• **Problem details**: Below is a listing with pictures in it; transcribe exactly the lines from the one that has "Vintage Jacqueline de" through the one that has "EVA Foam Car", and omit those pictures.

• **Supplied material**:
========

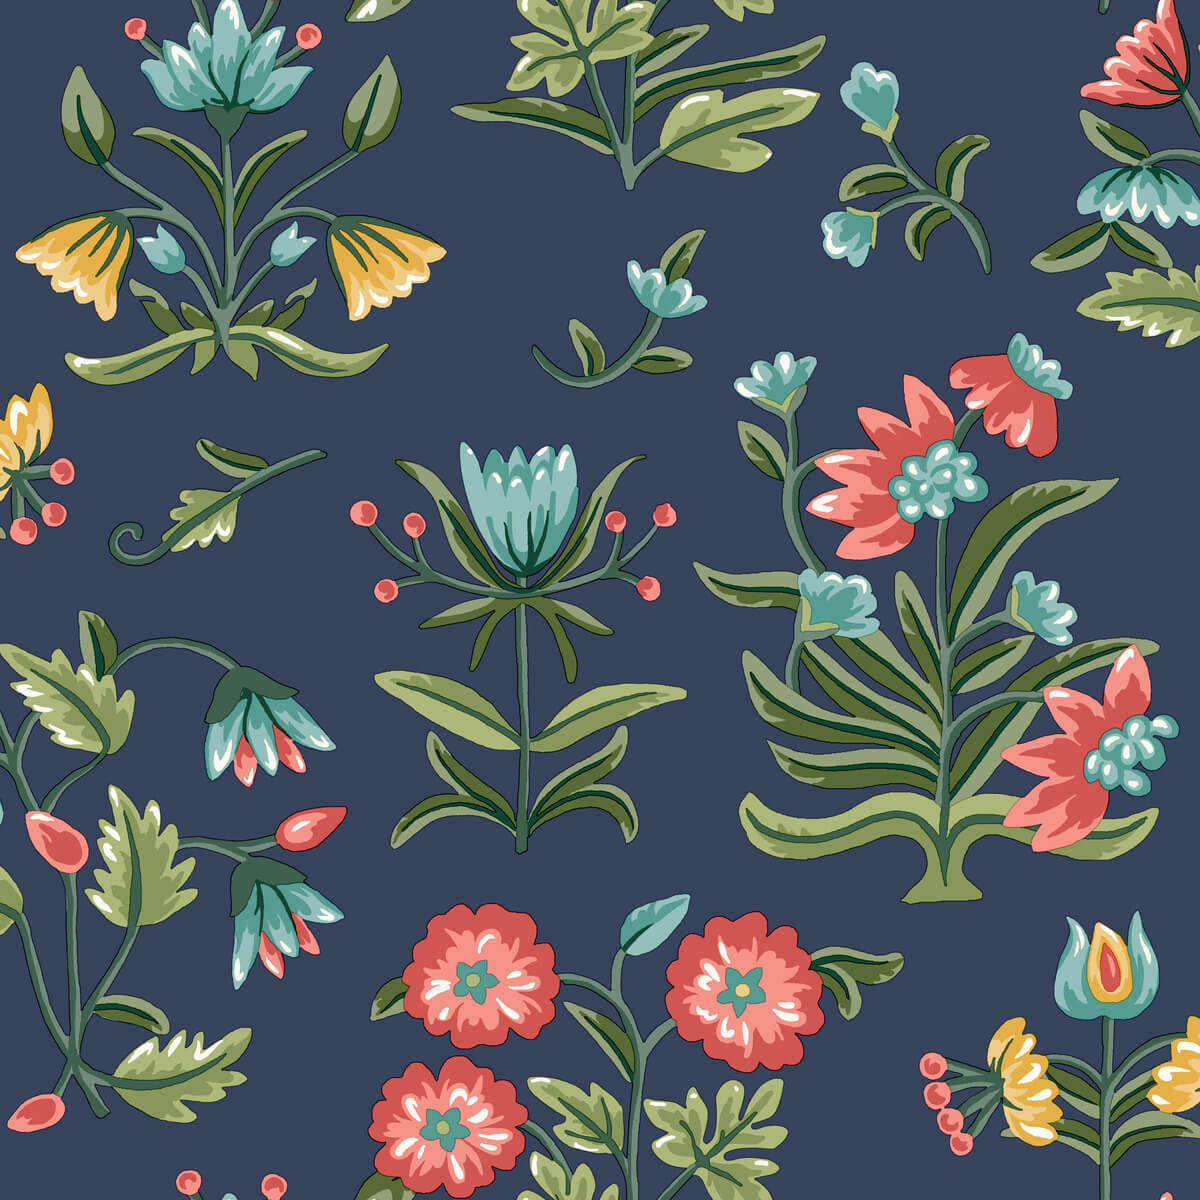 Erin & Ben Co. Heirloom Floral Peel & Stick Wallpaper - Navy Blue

========

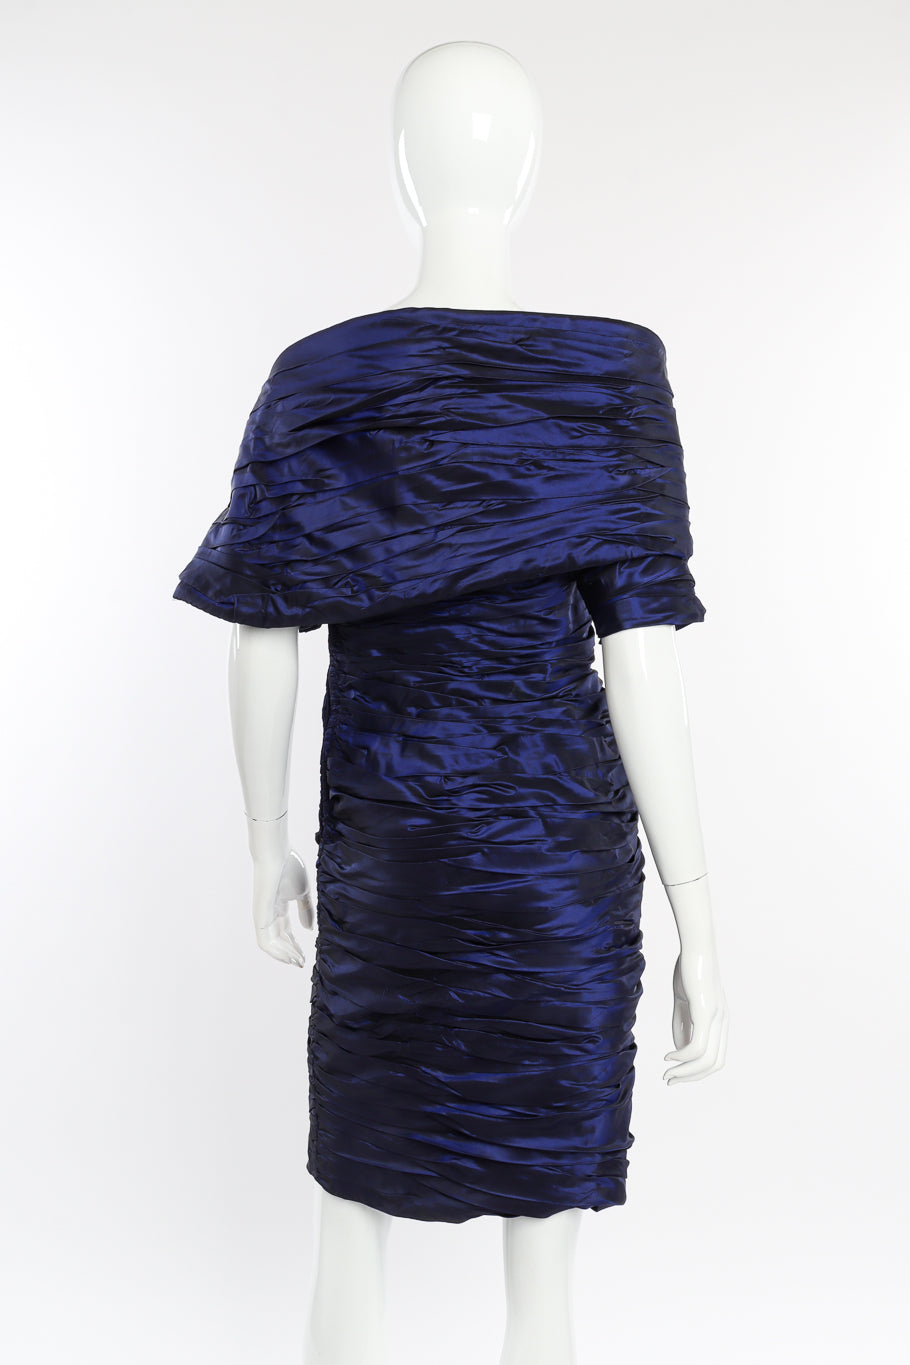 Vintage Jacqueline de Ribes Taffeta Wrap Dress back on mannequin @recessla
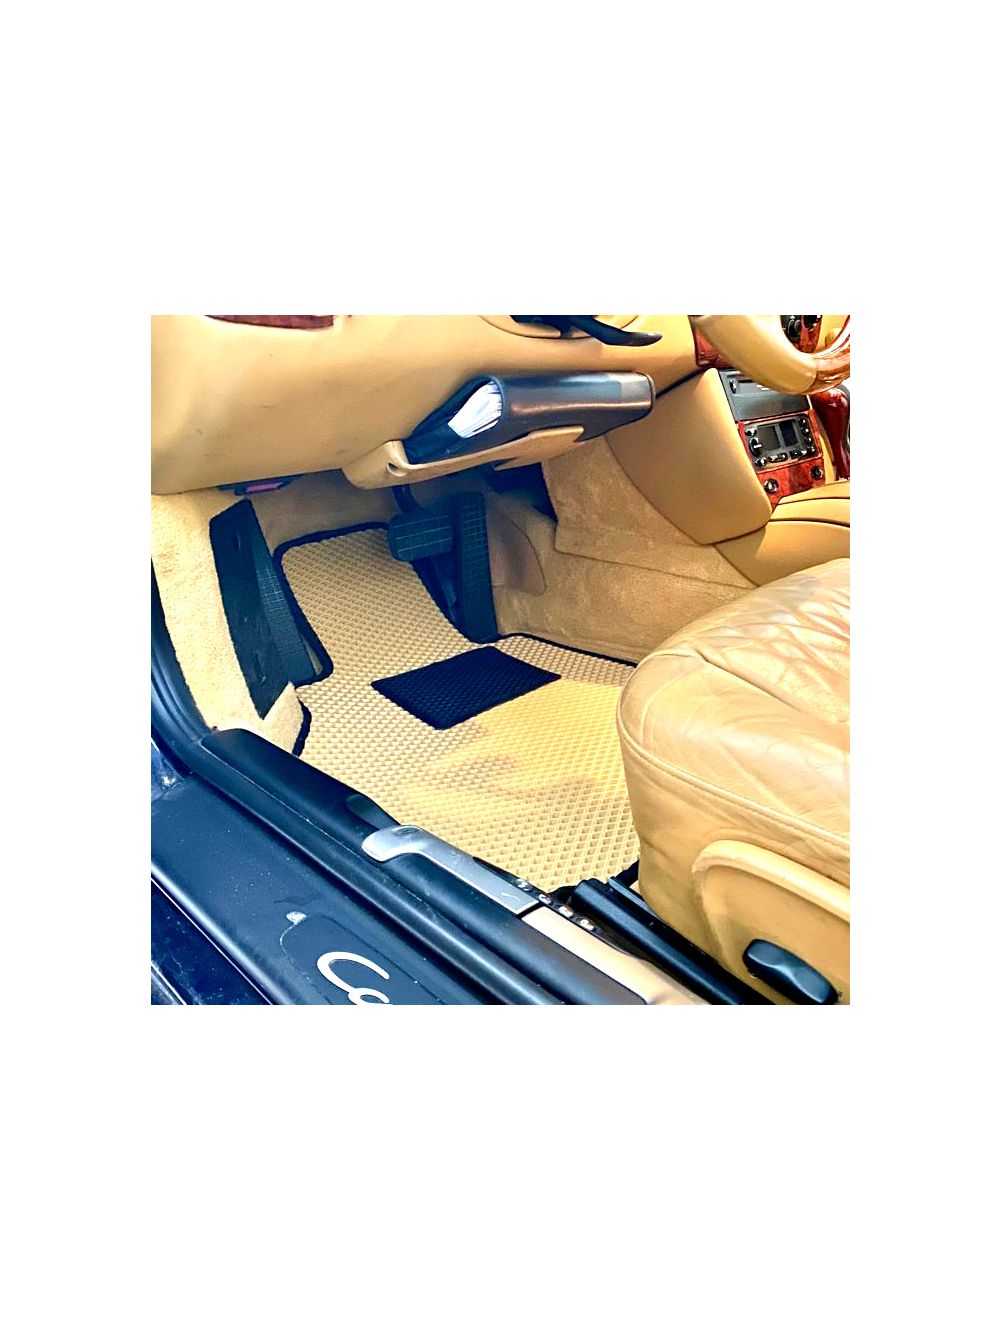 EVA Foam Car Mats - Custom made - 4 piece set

========

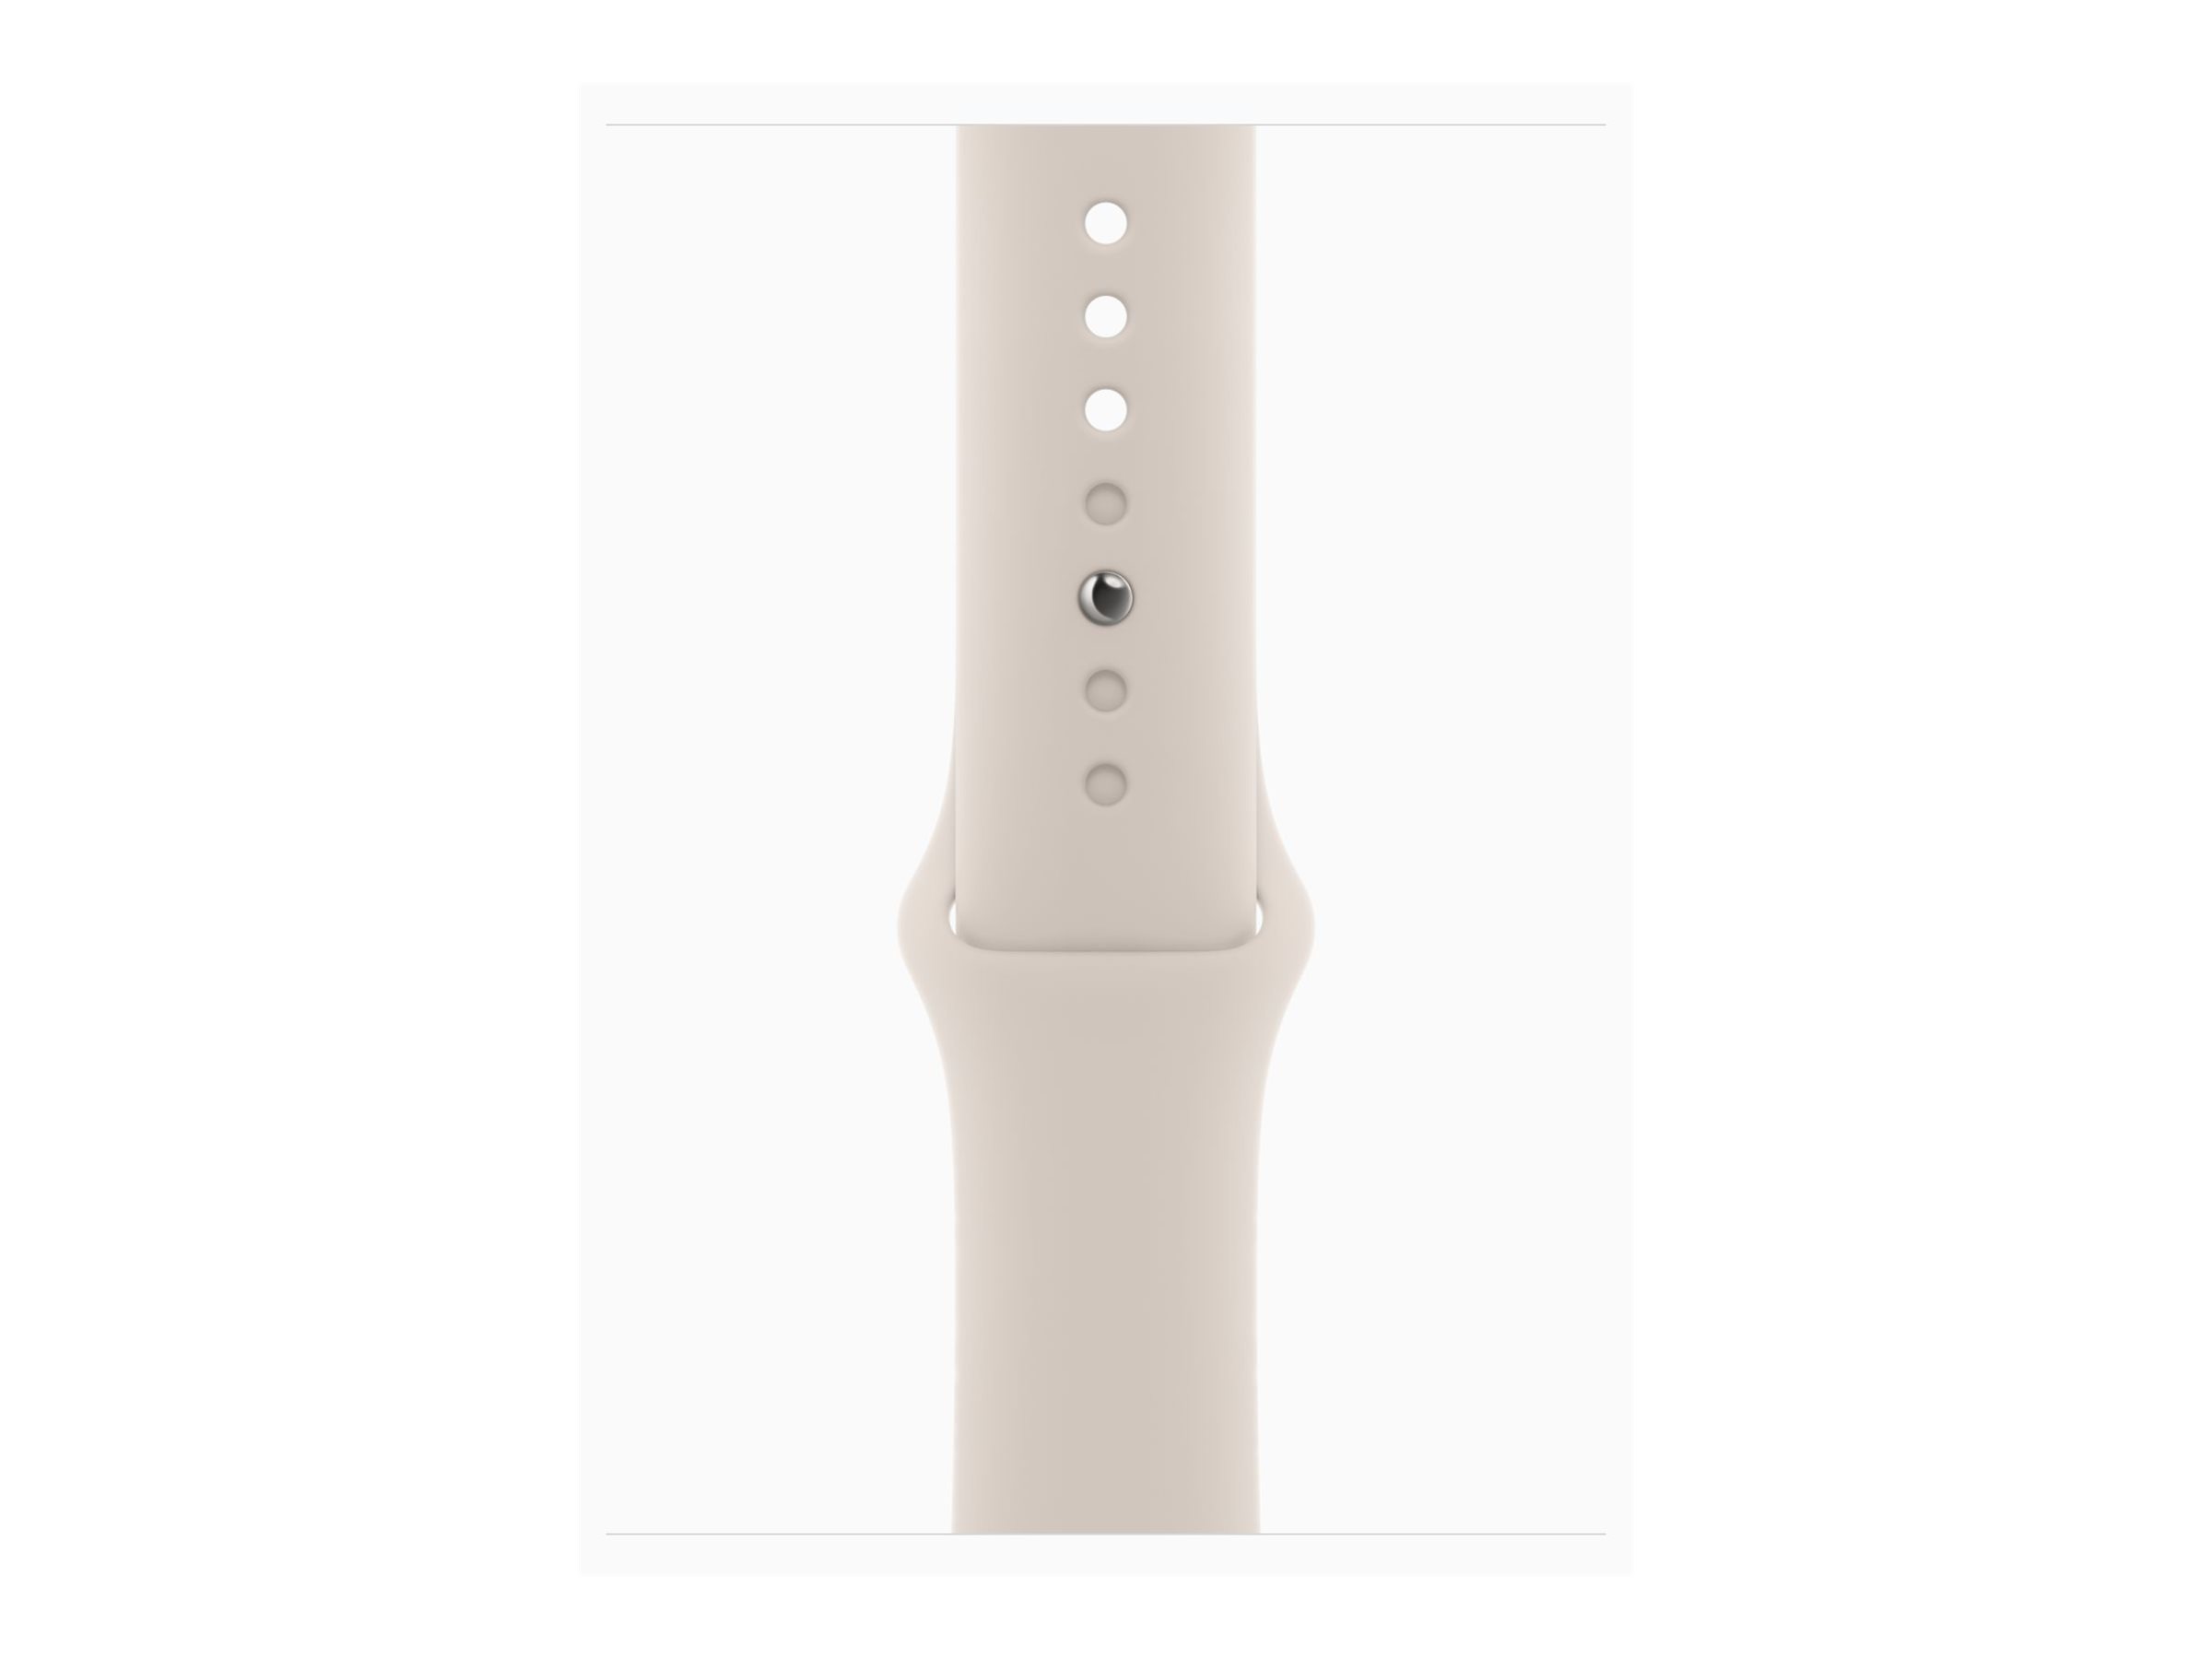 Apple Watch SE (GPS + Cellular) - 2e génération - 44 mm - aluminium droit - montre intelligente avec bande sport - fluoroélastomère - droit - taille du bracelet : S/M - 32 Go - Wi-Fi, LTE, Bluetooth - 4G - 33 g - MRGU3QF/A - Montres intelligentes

========

• **Output for this task**:
 Vintage Jacqueline de Ribes Taffeta Wrap Dress back on mannequin @recessla
 EVA Foam Car Mats - Custom made - 4 piece set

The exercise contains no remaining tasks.